COVID-19 has had, and is expected to continue to have, a significant impact on our financial condition and results of operations. The current, and uncertain future, impact of the COVID-19 outbreak, including its effect on the ability or desire of people to travel for leisure or for business, is expected to continue to impact our financial condition, results of operations, cash flows, liquidity, business plans, distributions to our common and preferred stockholders and their respective stock prices.

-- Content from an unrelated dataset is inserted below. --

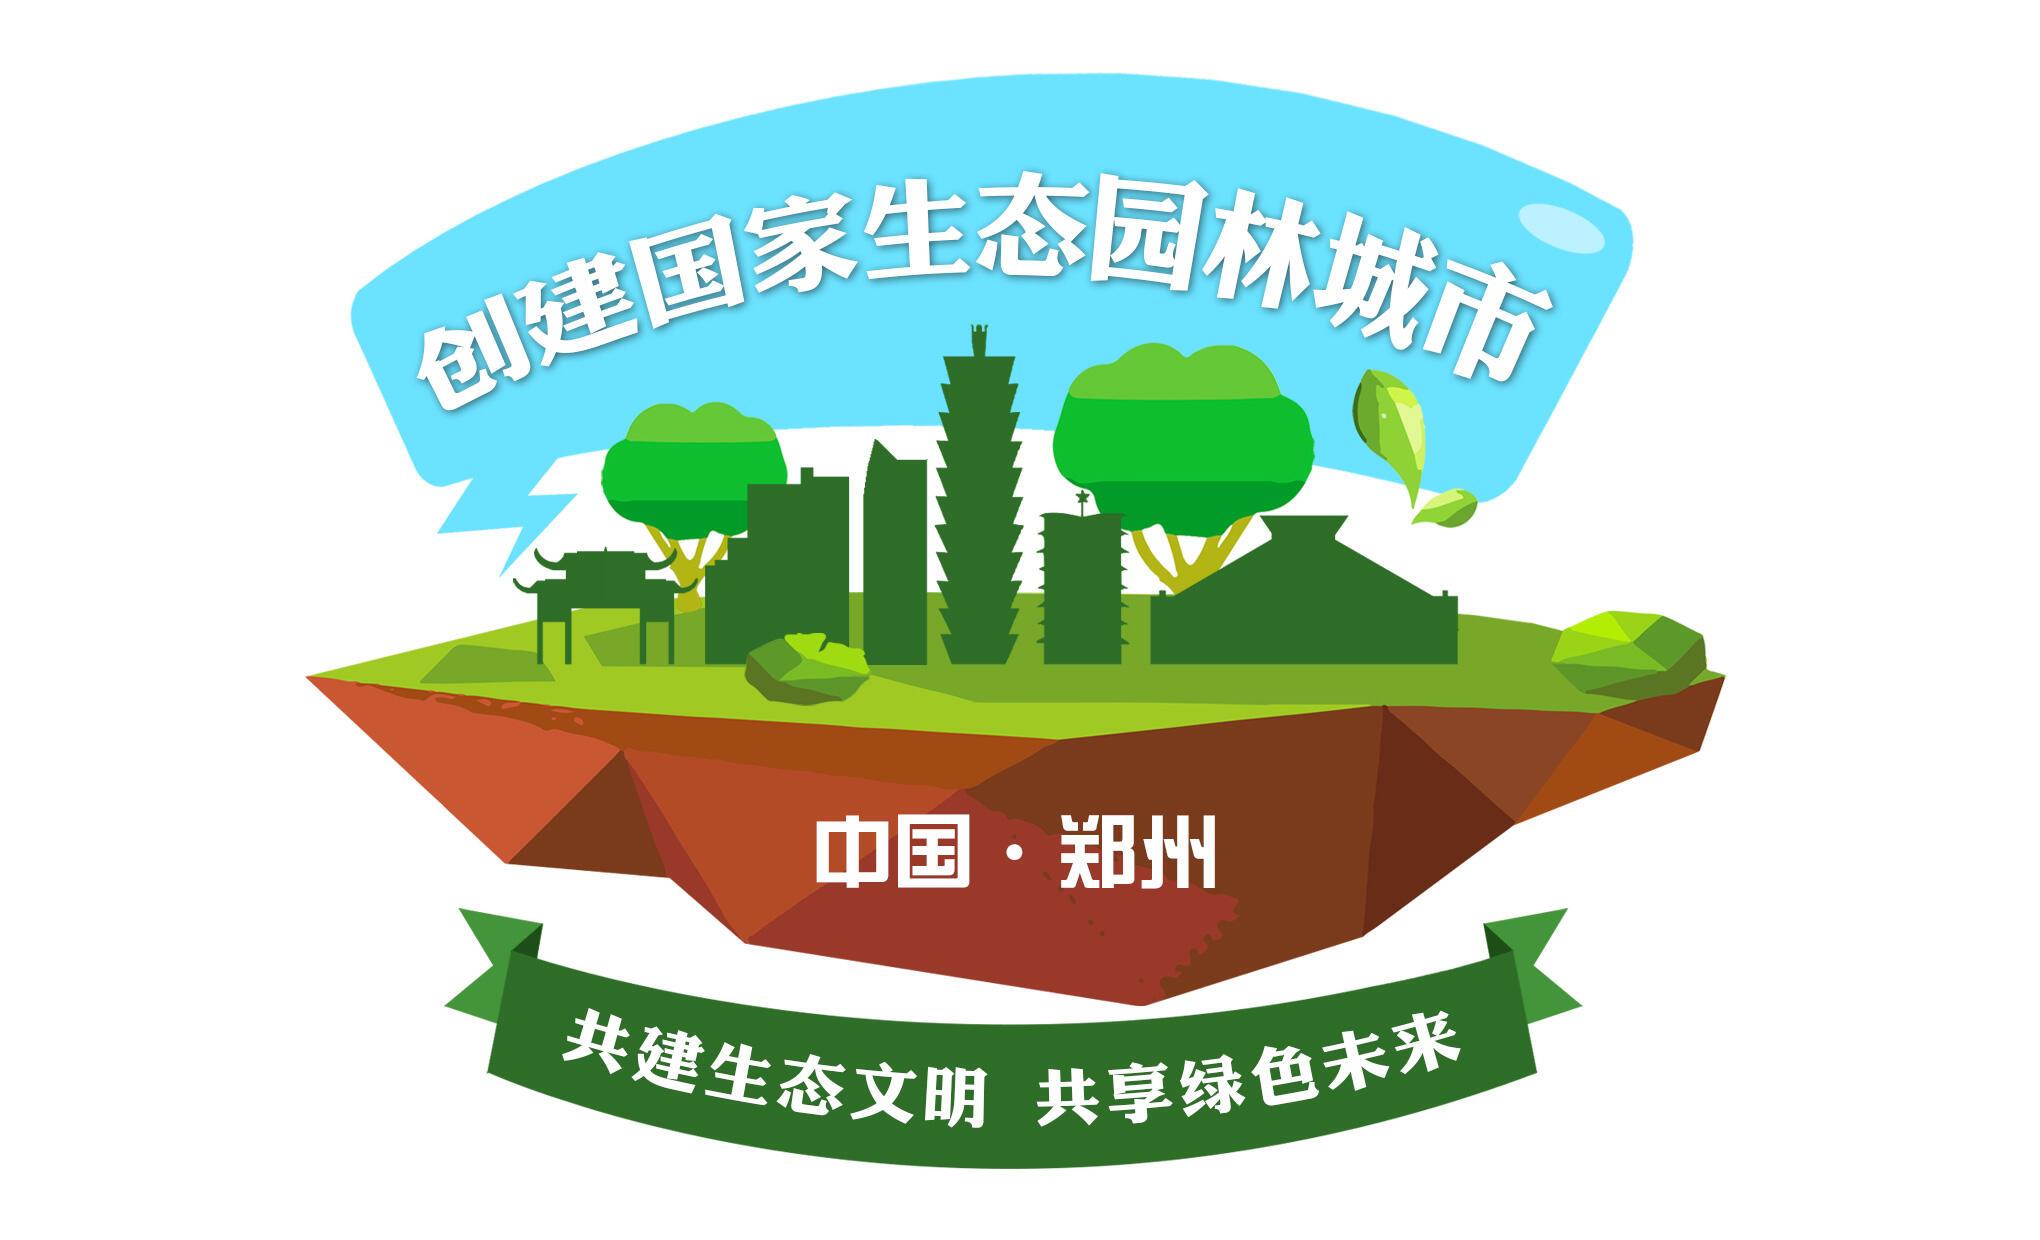 """创建国家生态园林城市∣贾鲁河西流湖段完成扩湖清淤 景观建设加快推进 建成后将成城市西部""""绿心"""""""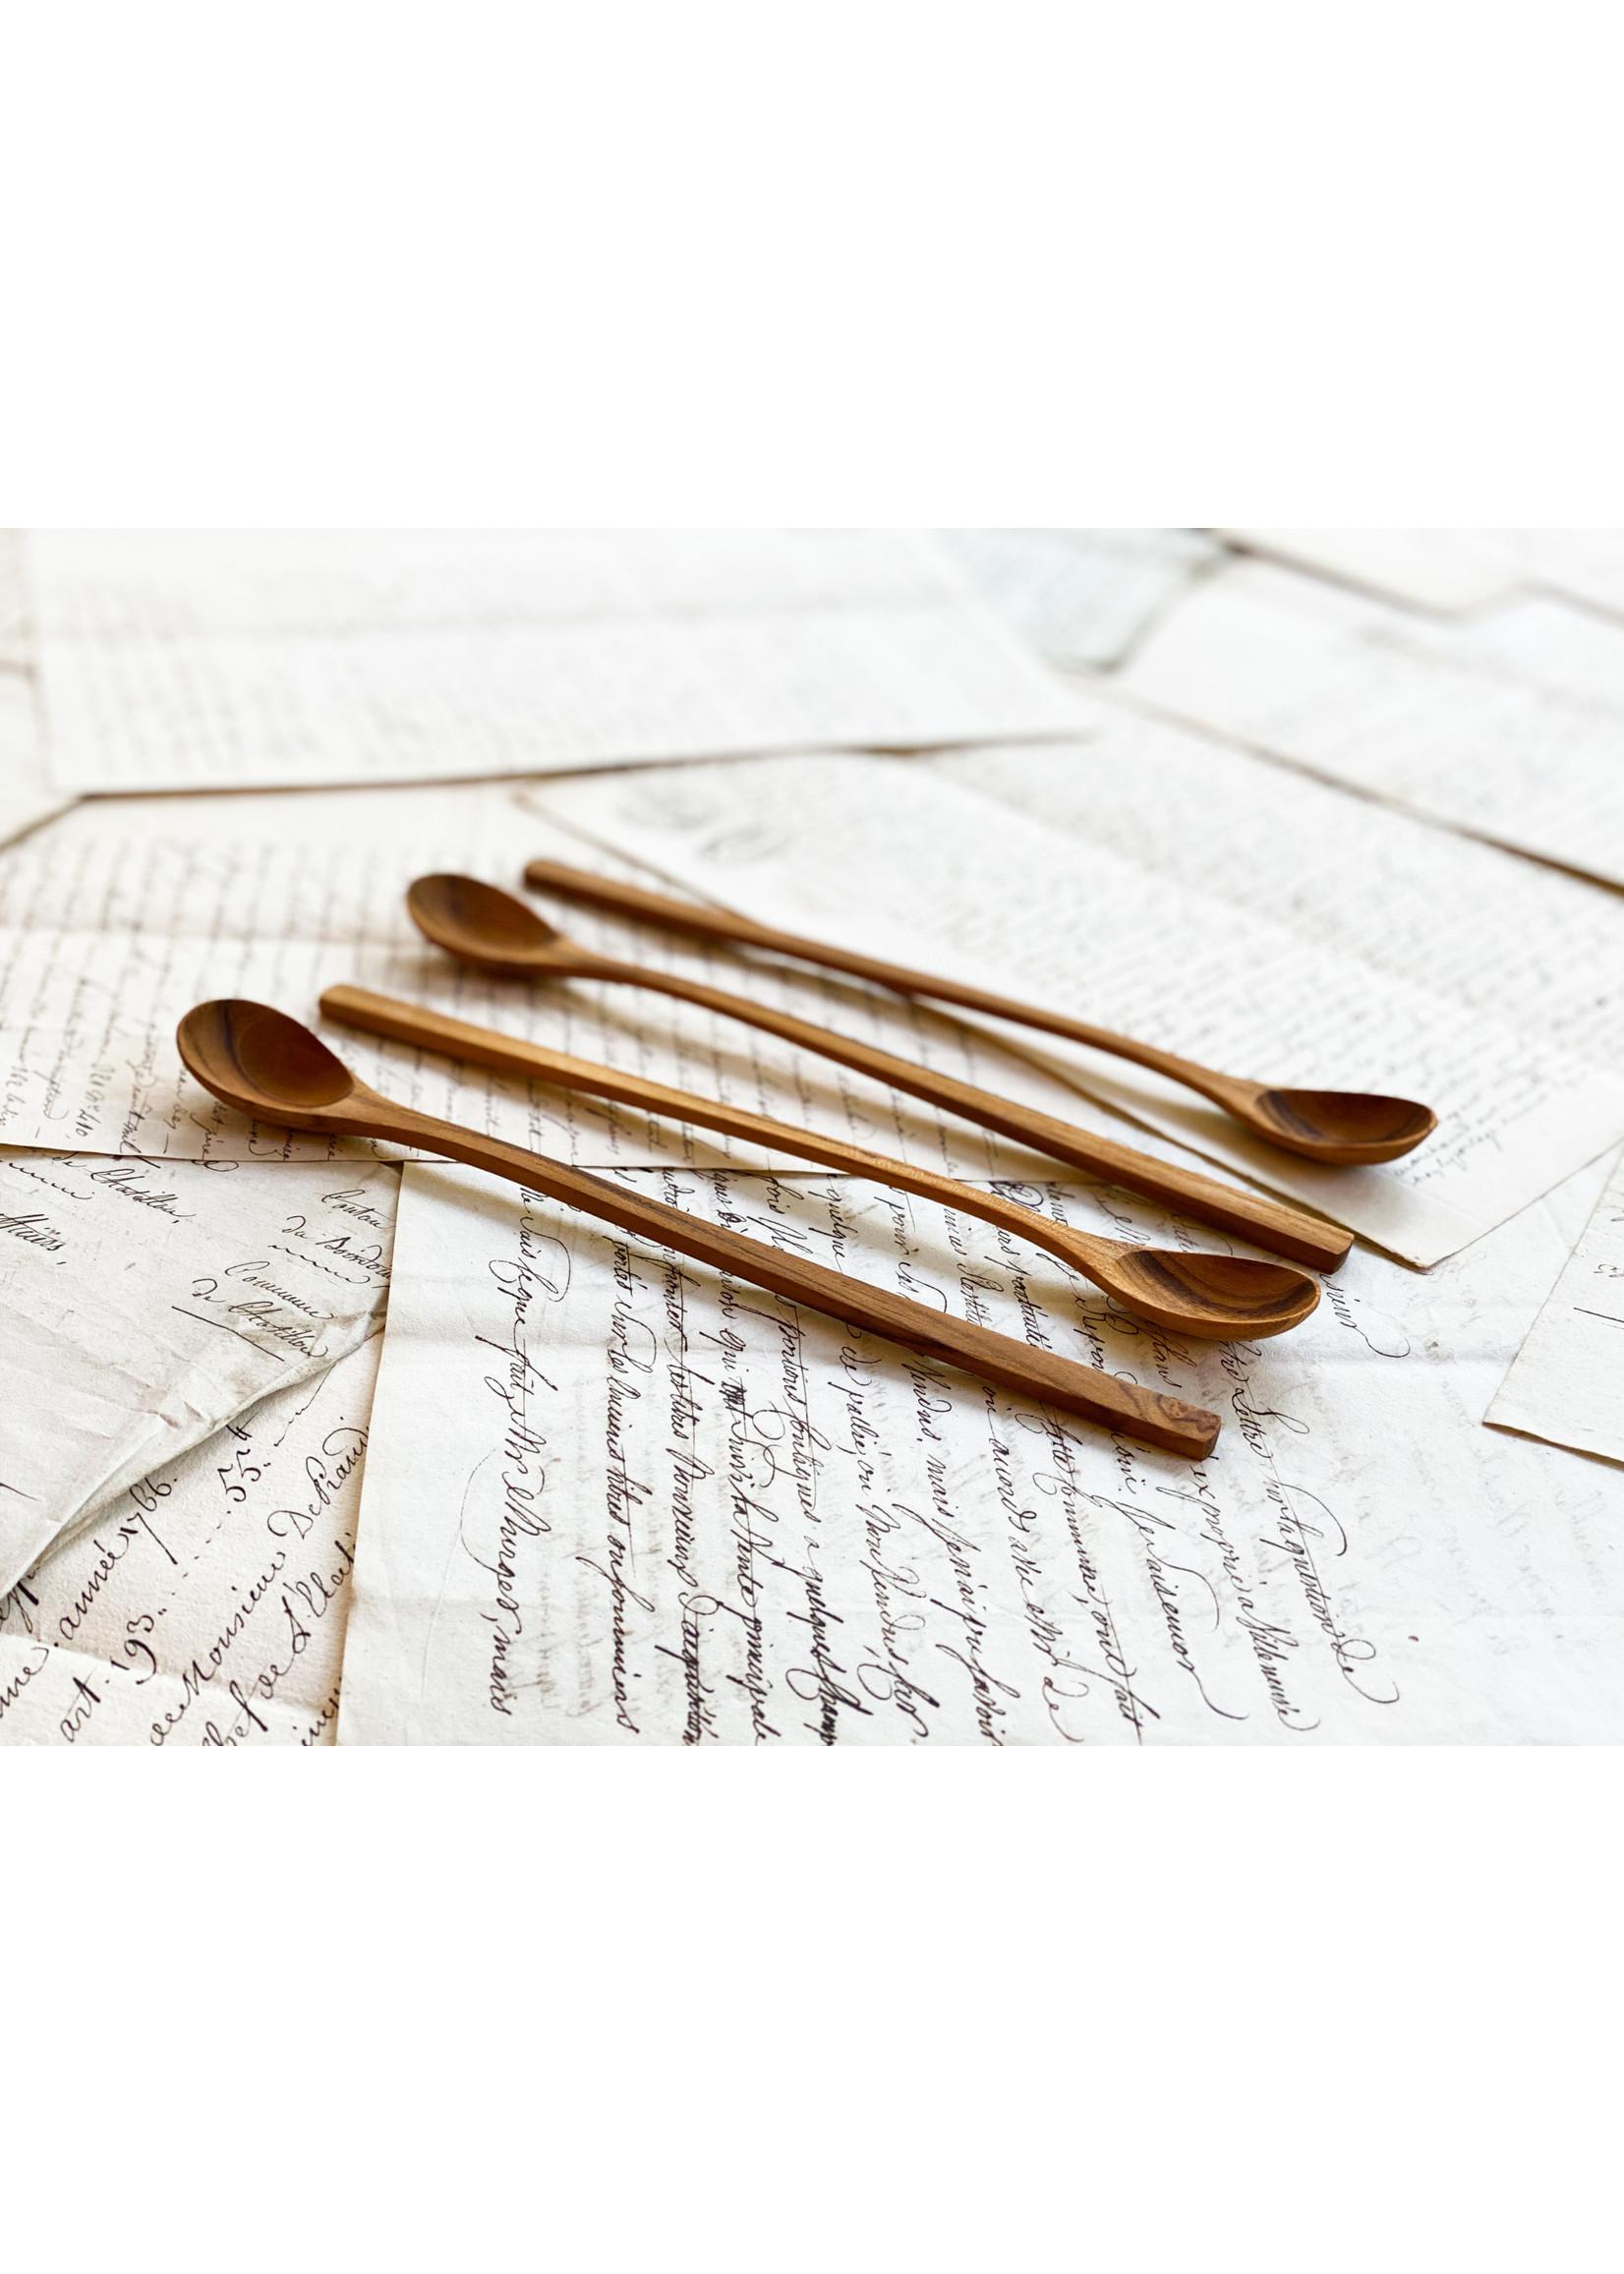 Teak Long Spoon (set of 4)

The COVID-19 global pandemic, along with federal, state and local government mandates have disrupted and are expected to continue to disrupt our business. In the United States, individuals are being encouraged to practice social distancing, are restricted from gathering in groups, and in some areas, are subject to mandatory shelter-in-place orders, which have restricted or prohibited social gatherings, travel and non-essential activities outside of their homes. In response to the COVID-19 pandemic, as of May 8, 2020, we have temporarily suspended operations at 14 of the 20 Hotels. The remaining six hotels are currently operating at limited capacity with significantly reduced staffing, limited food and beverage operations and materially reduced amenity offerings. We may determine in the future that it is in the best interest of our Company, guests and employees to temporarily suspend operations at some or all of the remaining six hotels. With hotel operations temporarily suspended or reduced, we may be required to use a substantial portion of our available cash to pay hotel payroll expenses, maintenance expenses, fixed hotel costs such as ground rent, insurance expenses, property taxes and scheduled debt payments. Use of the Company’s cash will reduce the amount of cash available for hotel capital expenditures, future business opportunities and other purposes, including distributions to our common and preferred stockholders. We have suspended paying dividends on our common stock in order to conserve cash. We cannot predict how long the COVID-19 pandemic will last or what the long-term impact will be on hotel operations and our cash position.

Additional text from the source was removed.